Depth-area reduction factor (DARF) curves are used to evaluate areal precipitation due to a storm event that occurs simultaneously over an entire watershed, i.e., an area where all the water in that area flows to a common drainage such as a stream or river, using available point precipitation data. According to the American Meteorological Society, for areal rainfall of a given duration and return period, the DARF is the ratio of the mean areal rainfall to the mean point rainfall for the same duration and return period in the same area. DARF curves can be developed for storm events using radar data and, as necessary, calibrating these data with point precipitation gage station data.
Historically, DARF curves were calculated using precipitation station gage data. However, due to their more complete coverage area, radar data may be the best available data source. NEXRAD N1P precipitation accumulation radar data can be used to evaluate storm events where no rain gage data are available or to supplement available rainfall data. NCEI provides an array of processed radar products available for download on NOAA’s NCDC website. One useful product is estimated ground-accumulated rainfall which converts radar data to rainfall. This accumulated rainfall estimate is based on a reflectivity-rainfall rate relationship (Z-R relationship). NOAA develops and calculates these Z-R relationships based on factors such as orographic effects and type of convection system. Often each radar station will have its own Z-R formula that determines the amount of rainfall from reflectivity data from the radar station. Since precipitation can only be measured at a point location, whereas radar data covers entire regions, it can be extremely useful to estimate precipitation from the ground-accumulated rainfall with radar data, especially in areas where rain gage stations are sparse.

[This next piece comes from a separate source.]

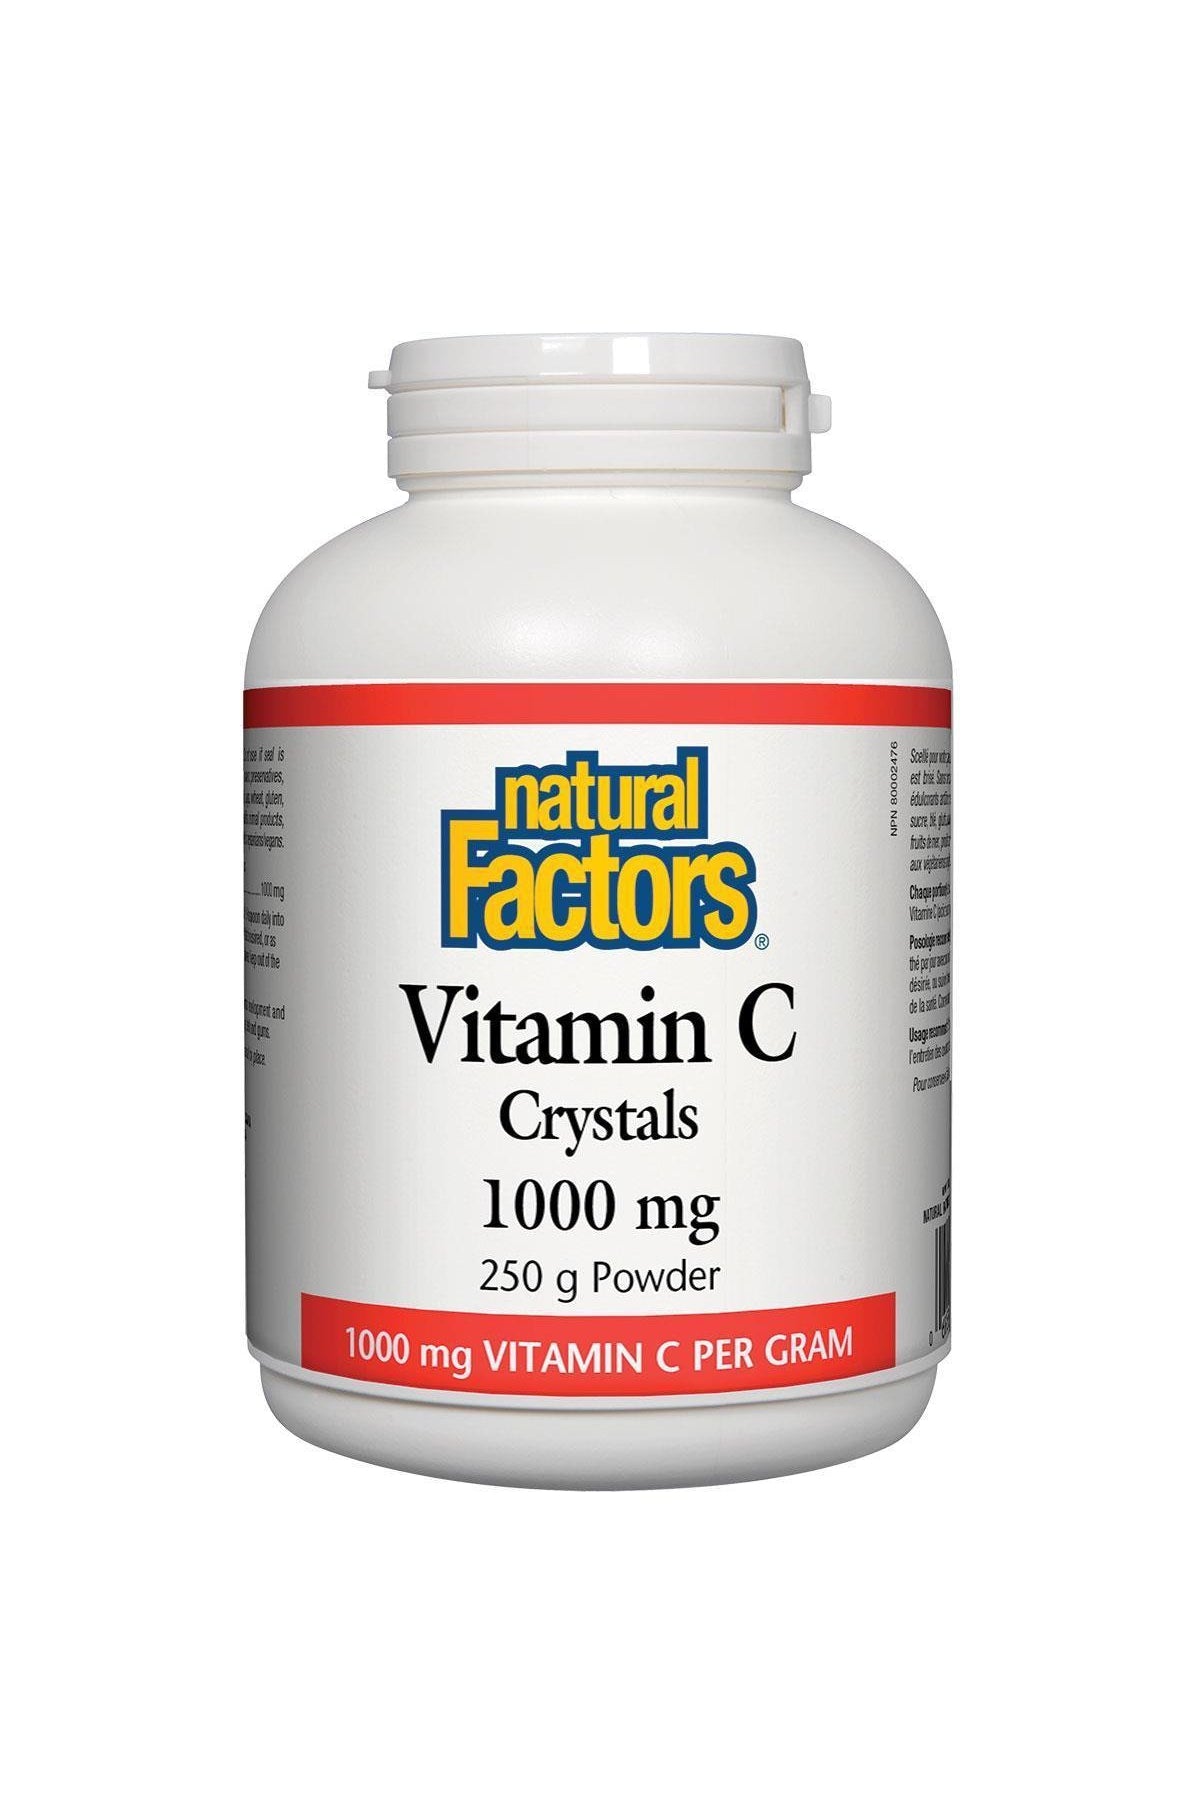 Natural Factors Vitamin C Crystals 250g

DARF curves are used to predict rainfall reduction of similarly-shaped storms within the same region and can be used for flood risk assessment for the area. If one can determine how much rainfall fell over an area, one can better predict rainfall and storm runoff in locations where gages are not available.
To generate a DARF curve from precipitation or radar data, the maximum storm event is mapped and outlined, as shown in Figure 1. Areas within a range of precipitation intensity are calculated to determine the areal extent of each range of precipitation values. These precipitation ranges are then calculated as a percentage of the maximum precipitation and plotted by areal extent, as shown in Figure 2 for a specific storm event. A best fit curve can then be estimated from these data, which is the final DARF curve. To generate a DARF curve for a region, this process is repeated over multiple storm events before plotting a best fit curve. With a DARF curve, one can then calculate what the maximum precipitation is over a given area within the storm event. For example, in Figure 2 the maximum point precipitation of the storm was 1.5 inches, while the maximum precipitation over a 100 mi2 within the storm event had an average precipitation of 0.5 inches (33 percent in Figure 2).
DARF curves are used in surface water models such as HEC-RAS and MIKE FLOOD when estimating flood risk from storms. The DARF curve is applied within a watershed area to estimate water flowing down drainages that are located far from gaged sources, as to realistically estimate flood risks.